Теперь я Людмиле никого не заменяю, сам собой хожу. Потому и отношения ровные, спокойные. К тому же я ее, как видите, от натиска других мужчин защищаю, от страстных взглядов заслоняю. Погоди-ка! Вот чудеса!.. Опять я кого-то заменяю, чьи-то обязанности исполняю: вот сейчас я в должности щита...
Пришло время уезжать. Мы должны ехать вместе. Вечером долго сидели на улице. Та луна уже кончилась, народился новый месяц, маленький, горбатенький. Он даже не на небе, а рядом, уцепившись за ветку магнолии, висит. Дотянись и возьми. Но мне сейчас не до него. Людмила не в себе. Все нужные слова заблудились где-то. Воспоминаниям рановато, а обещаниям... Любые обещания были бы ложью. Первой заговорила она:
- Спасибо вам, Капитан.
- За что?
- Не знаю, не умею сказать, по полочкам не разложу, - она взяла мою руку в ладонь, пожала, но не отпустила. "Ни за что. Просто ты сам по себе дорог мне. А больше сказать боюсь..." - говорила ее рука. Потом еще что-то добавила, но я не понял.
Выехали рано, по утренней прохладе. Хотя автобус был набит битком, до Симферополя добрались благополучно, дорога Людмилу не измучила. Поместили нас в домике неподалеку от вокзала. Поезд уходил только вечером.
Едва мы сошли с автобуса, как возле меня начал крутиться какой-то маленький, с выпирающими, как долото, зубами, рыжий лейтенантик. Он все что-то хотел сказать мне, звал куда-то. Но объясняться с ним было некогда, надо чемоданы занести, Людмилу устроить.
Только я все более-менее уладил и вышел на улицу, как опять появился тот лейтенантик и во весь свой малый росточек вытянулся передо мной.
- Лейтенант Уточкин! Леня Уточкин. Будем знакомы. - И он резко откинул голову назад. Сейчас он походил на глотающего свой корм утенка. Если бы он не назвал себя Уточкиным, я, возможно, этого жеста его и не заметил бы.
- Будем знакомы. Капитан...
- Знаете, капитан, ведь до вечера здесь от жажды помереть можно. К тому же без дела и день зазря пропадет.
- А что нужно делать, чтобы день зазря не пропал?
- Нужно с утра начать вино пить. Я тут одно весьма симпатичное место знаю. Пошли?
Что касается такого "дела", у меня у самого в горле щекочет. Тут я и сам не промах, был бы намек. Надо только Людмилу предупредить, а то нехорошо.

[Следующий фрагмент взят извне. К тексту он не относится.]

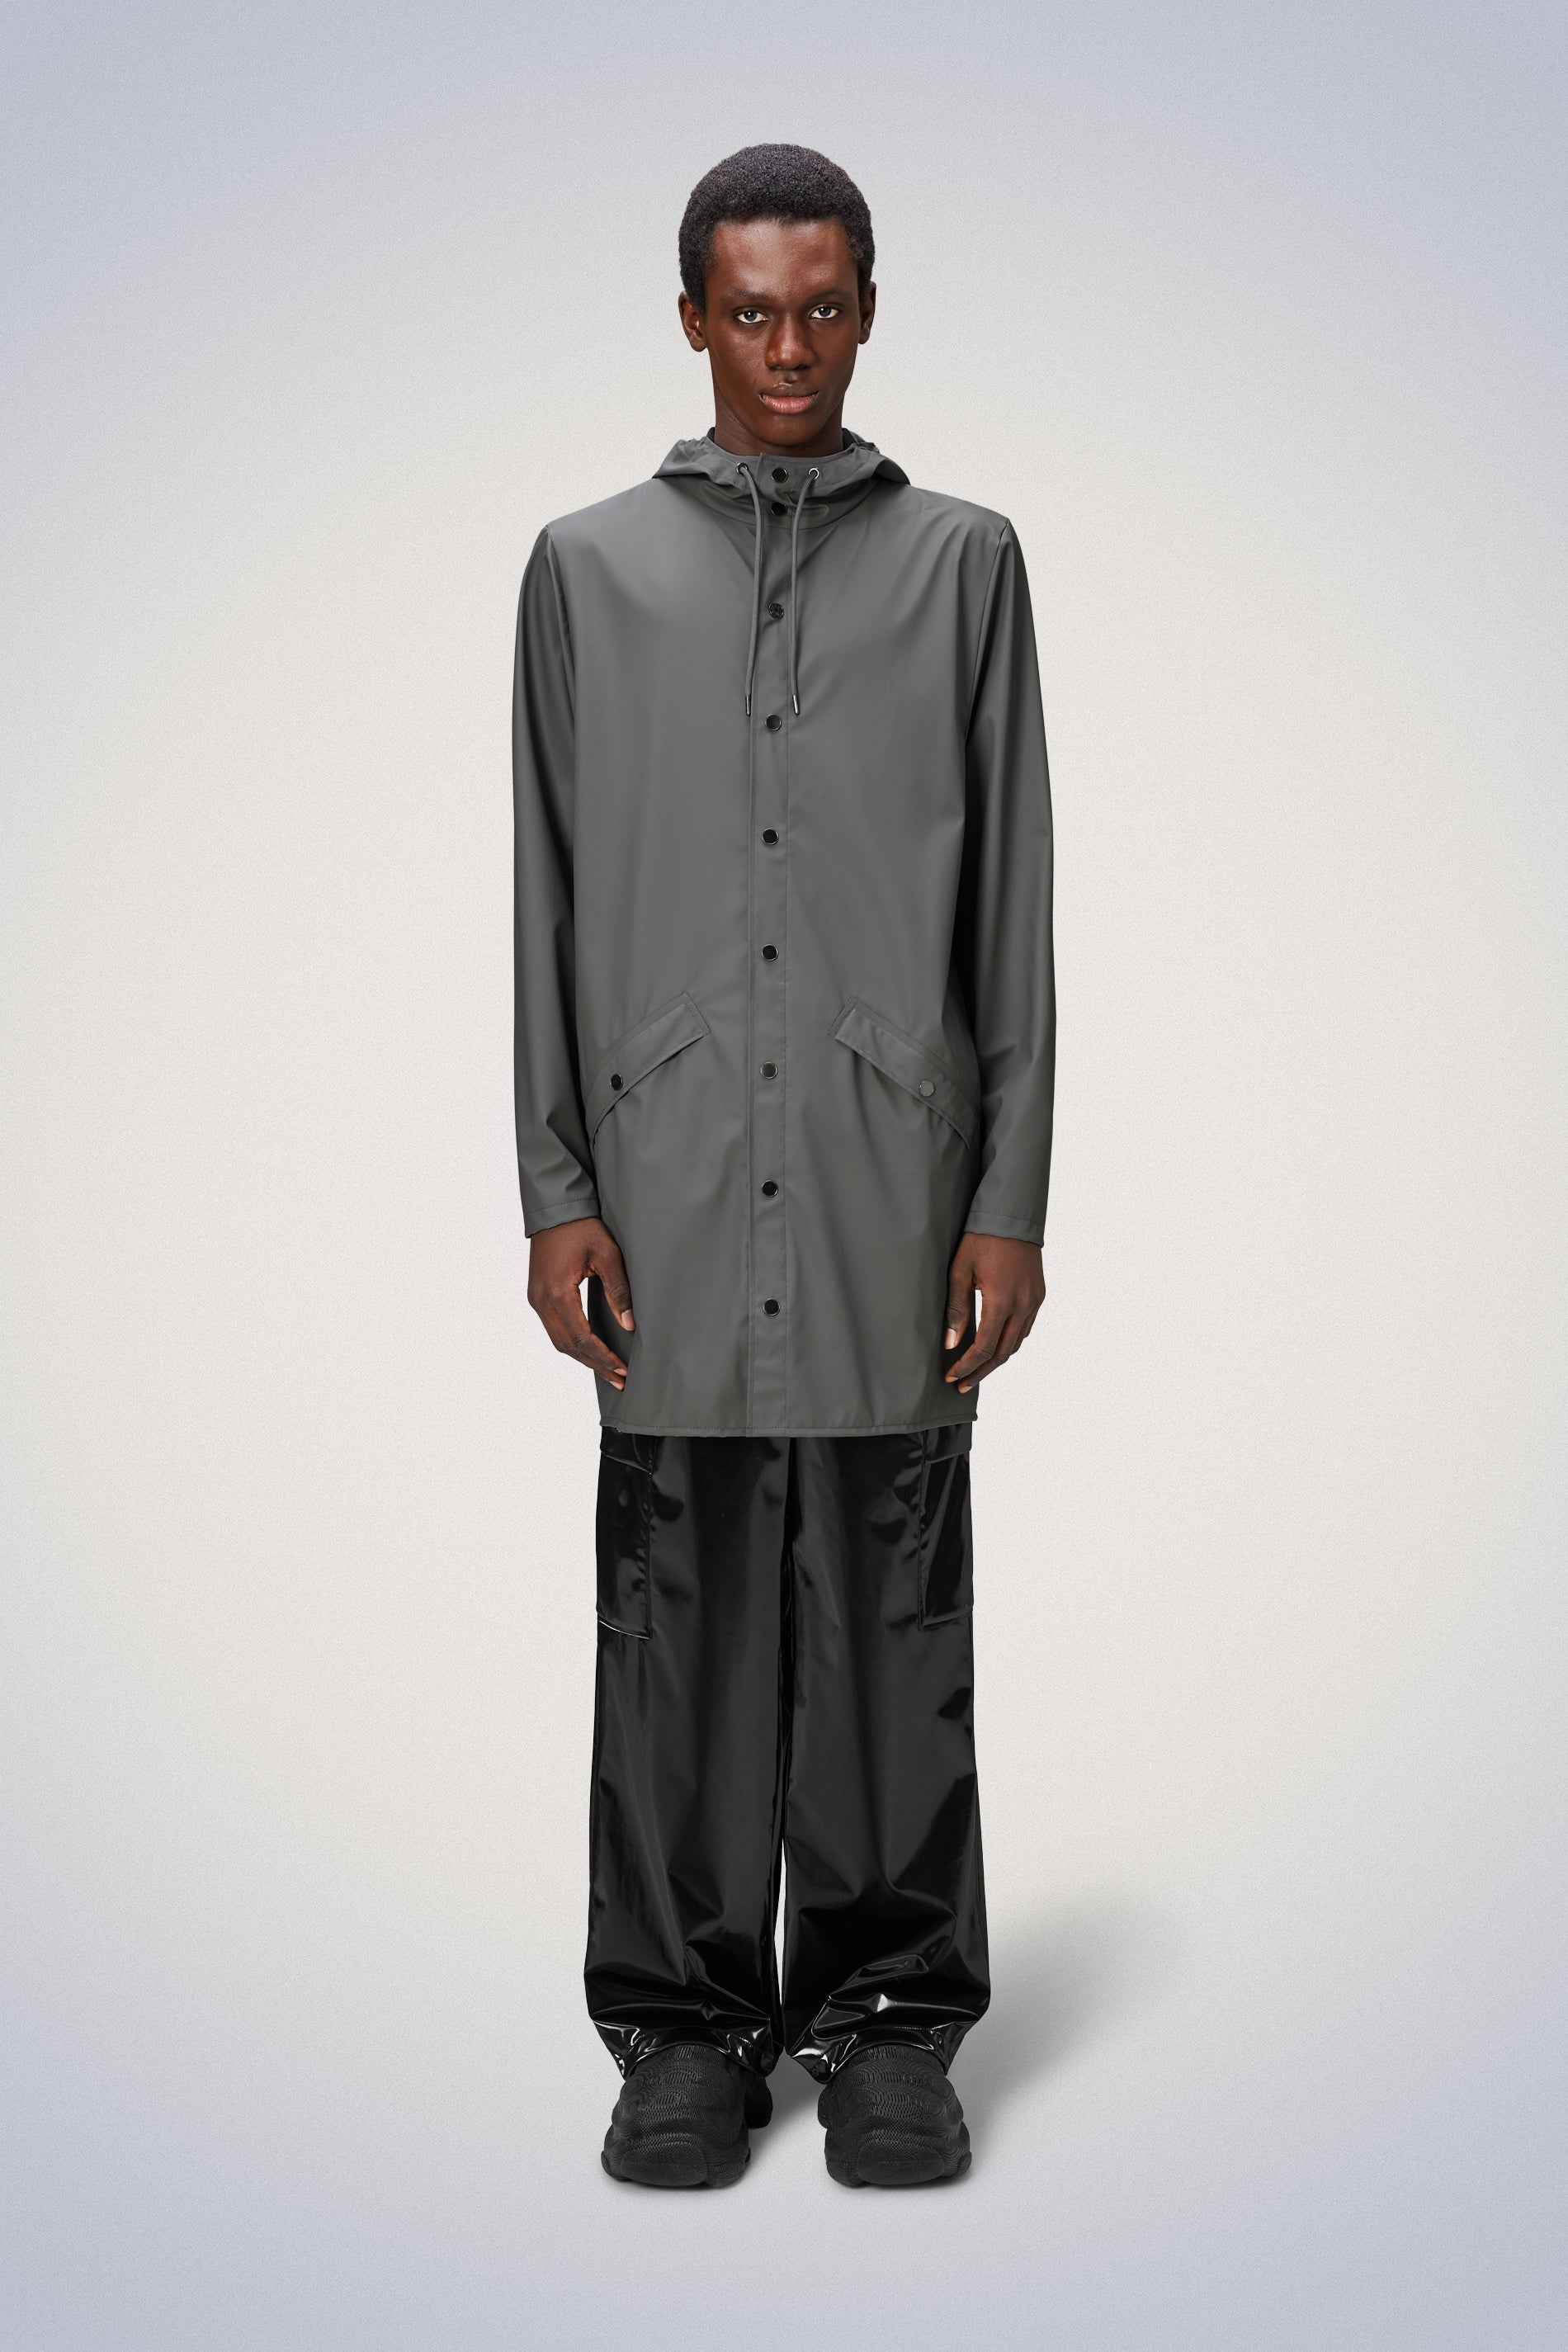 Waterproof Rain Jackets & Coats for Men | Men's Raincoats

- Я только скажу и выйду...
- Ка-пи-тан! - протянул Уточкин. - Ты же солдат, Европу освободил, цени свою свободу! Чего же спрашивать? Пошли!
- Да женщина там...
- Женщины ждать должны. Как в той песне поется:
Когда солдаты пьют вино, пьют вино, Подружки ждут их все равно, все равно.
Песня - она, брат, точно скажет.
Этот щуплый лейтенант прямо насел на меня. Мои ахи-охи и не слушает, знай ведет. Про себя-то я противлюсь такой настырности, но на деле отпора дать не могу, его слушаюсь.
Уточкин привел меня к винному павильону. Дверь павильона была заперта, окна закрыты ставнями.
- Это хорошо. Никто мешать не будет, - сказал мой вожатый. Он пошел к задней двери и постучал. Ответа не было. Тогда он стал выстукивать азбукой Морзе. Вдруг, будто велением свыше, дверь сама распахнулась. Встретил нас старик армянин на деревянной ноге.
- А, лейтенант! Уже вернулся?
- Домой еду, дедушка, белый билет выдали. Вроде твоей деревяшки, навечно.
- Я на свою деревяшку не обижаюсь. Не мерзла, не болела, терпеливая была. Что пить будете?
- Что получше.
Для начала мы по стакану кисловатого белого вина выпили, потом сладкого розового попробовали и перешли на красное. Когда прошли первый круг, Леня Уточкин изо всех сил хлопнул по столу:
- Я генералом стать родился! Кавалерийским генералом. А теперь отставной лейтенант!.. Пустая гильза...
- Спасибо скажи, что уцелел, что живешь, дурак беспамятный, ругнул его хозяин.
- И навозный жук живет! Что мне, этот свой иконостас на пастуший кафтан навесить, что ли? - он ребром ладони провел по груди, полной орденов и медалей. Как-то глухо и невесело звякнули они.
- Нелегко это, брат, в двадцать три года со всеми мечтами распрощаться... Ох нелегко...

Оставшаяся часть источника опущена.